There was shuffle at the entrance to the court when Perry appeared to have second thoughts, until it turned out that he was stepping back to let Gail go ahead of him, which she did with enough ladylike deliberation to suggest that, while the planned offence might not h
ave taken place, neither had it gone away. And after Perry sloped Mark.
Dima stood centre court facing them, arms stretched wide in welcome. He was wearing a fluffy blue crew-neck top with full-length sleeves, and long black shorts that reached below his knees. A sunshade like a green beak stuck out from his bald head, which was already glistening in the early sun. Perry said he wondered whether Dima had oiled it. To complement his bejewelled Rolex, a gold trinket chain of vaguely mystical connotation adorned his huge neck: another glint, another distraction.
But Dima, to Gail’s surprise, was not, at the moment of her entry, the main event, she said. Arranged on the spectators’ stand behind him was a mixed – and to her eye weird – assembly of children and adults.
‘Like a bunch of gloomy waxworks,’ she protested. ‘It wasn’t just their overdressed presence at the ungodly hour of seven in the morning. It was their total silence and their sullenness. I took a seat on the empty bottom row and thought, Christ, what is this? A people’s tribunal, or a church parade, or what?’
Even the children seemed estranged from each other. They caught her eye at once. Children did. She counted four of them.
‘Two mopy-looking little girls of around five and seven in dark frocks and sunhats squeezed together beside a buxom black woman who was apparently some sort of minder,’ she said, determined not to let her feelings run ahead of her before time. ‘And two flaxen-haired teenaged boys in freckles and tennis gear. And all looking so down in the mouth you’d think they’d been kicked out of bed and dragged there as a punishment.’
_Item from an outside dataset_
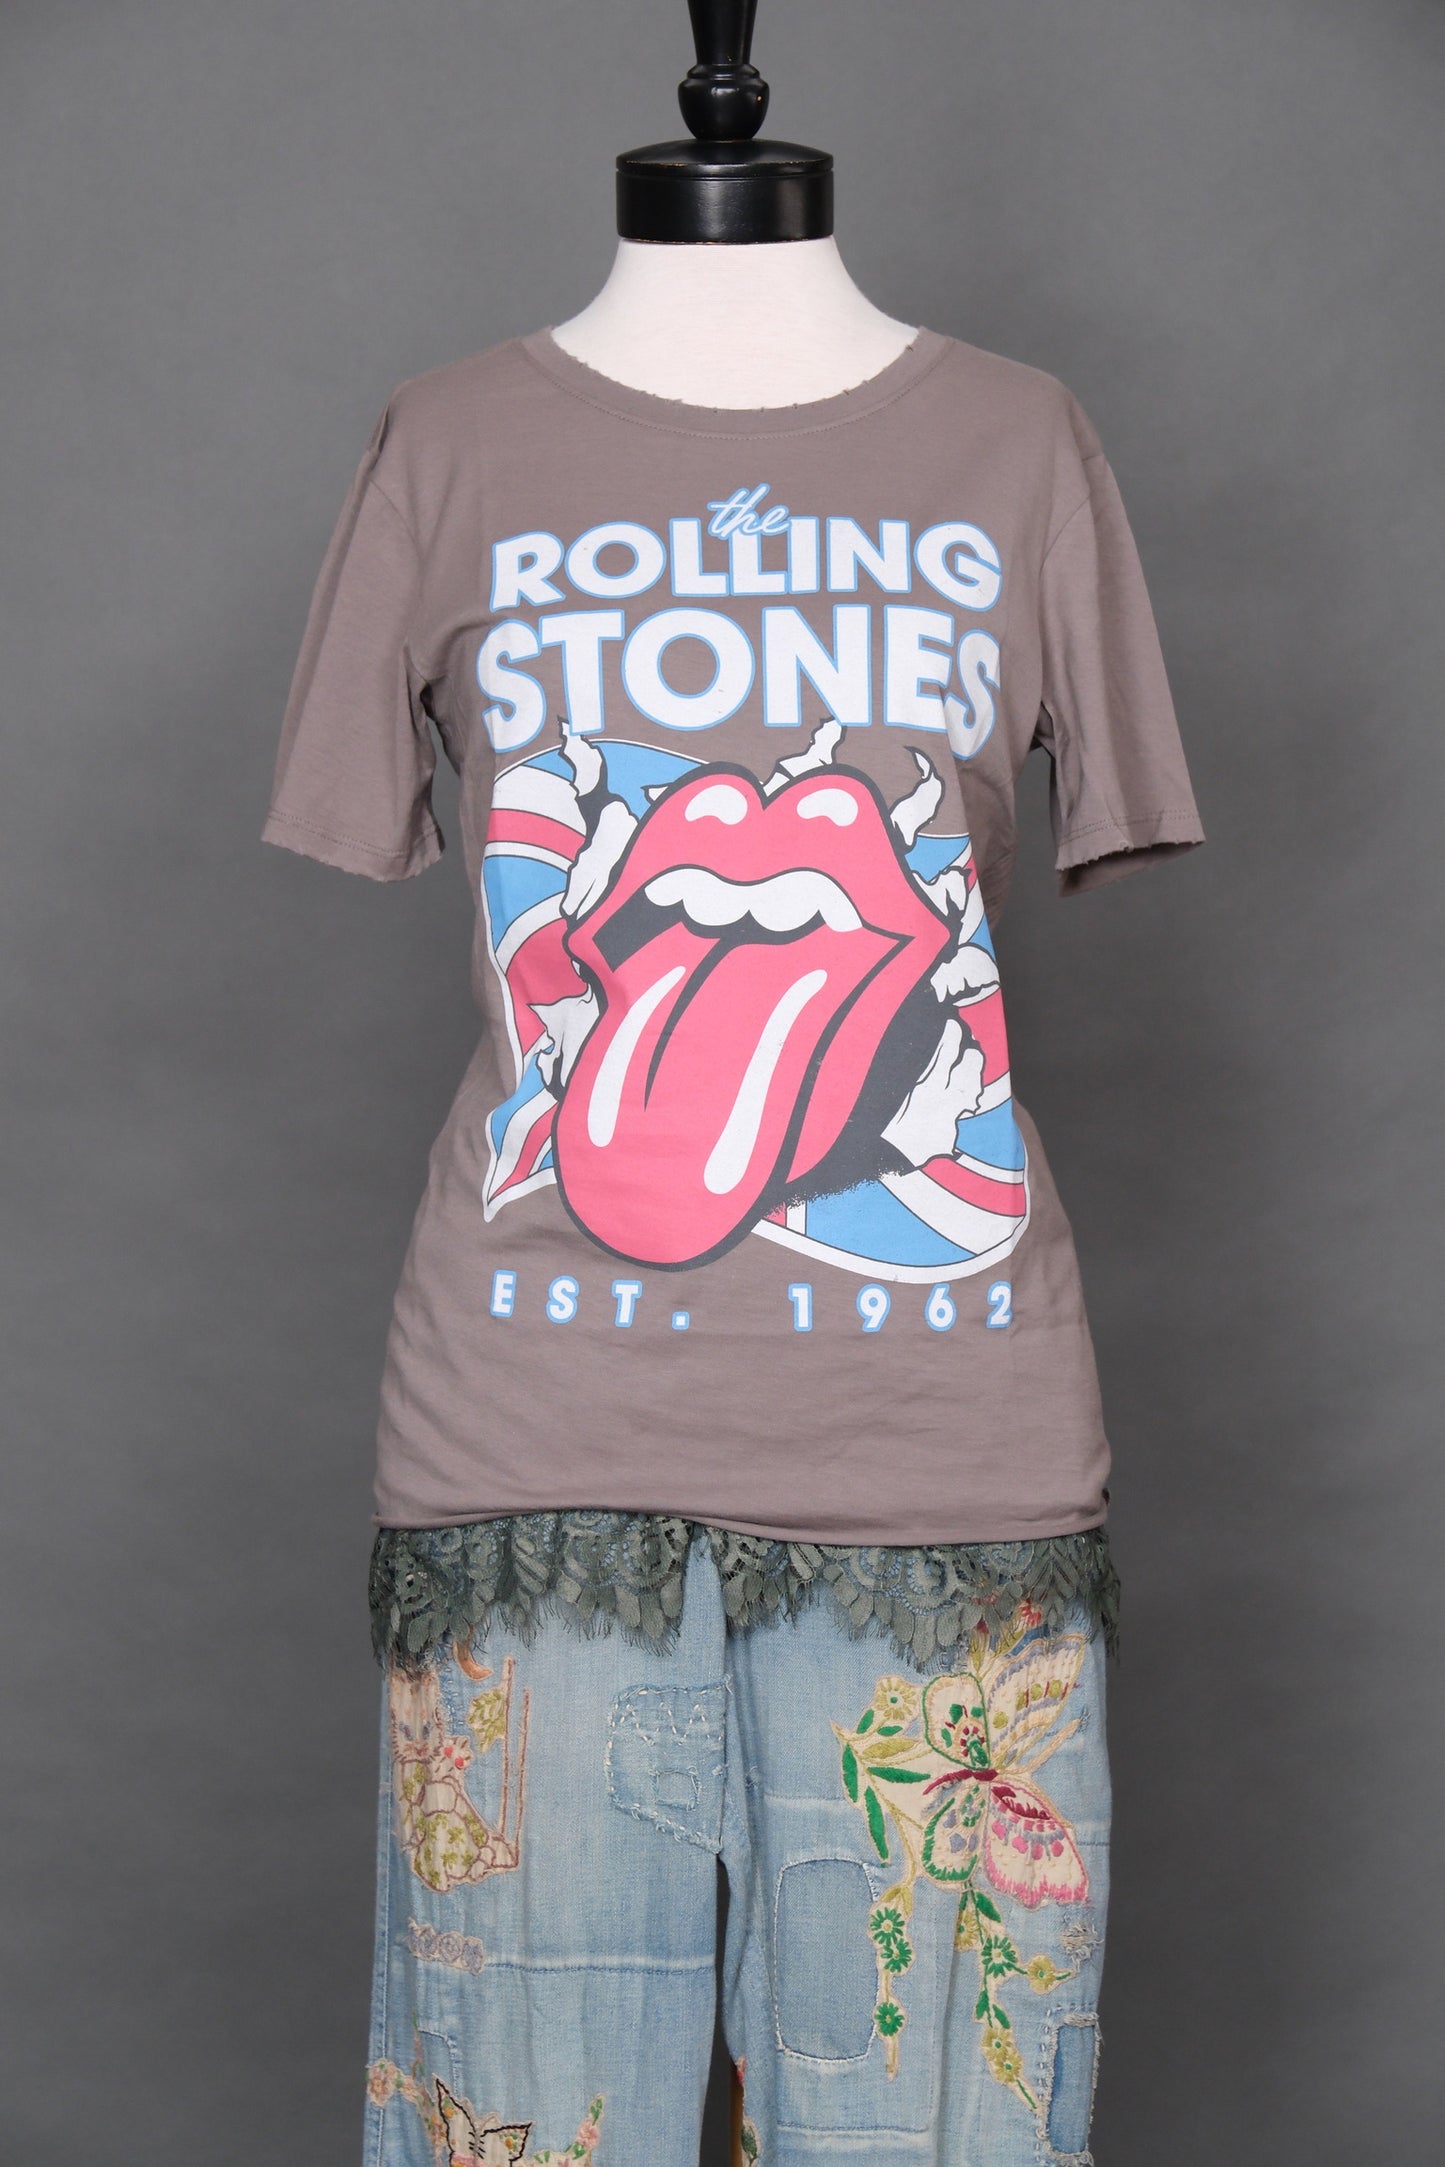 Rolling Stones Est. 1962 Grey Tee Shirt

As to the adults, they were just so alien, so oversized and so other, that they could have stepped out of a Charles Addams cartoon, she went on. And it wasn’t only their town clothes or 1970s hairstyles. Or the fact that the women despite the heat were dressed for darkest winter. It was their shared gloom.
‘Why’s nobody talking?’ she whispered to Mark, who had materialized uninvited in the seat beside her.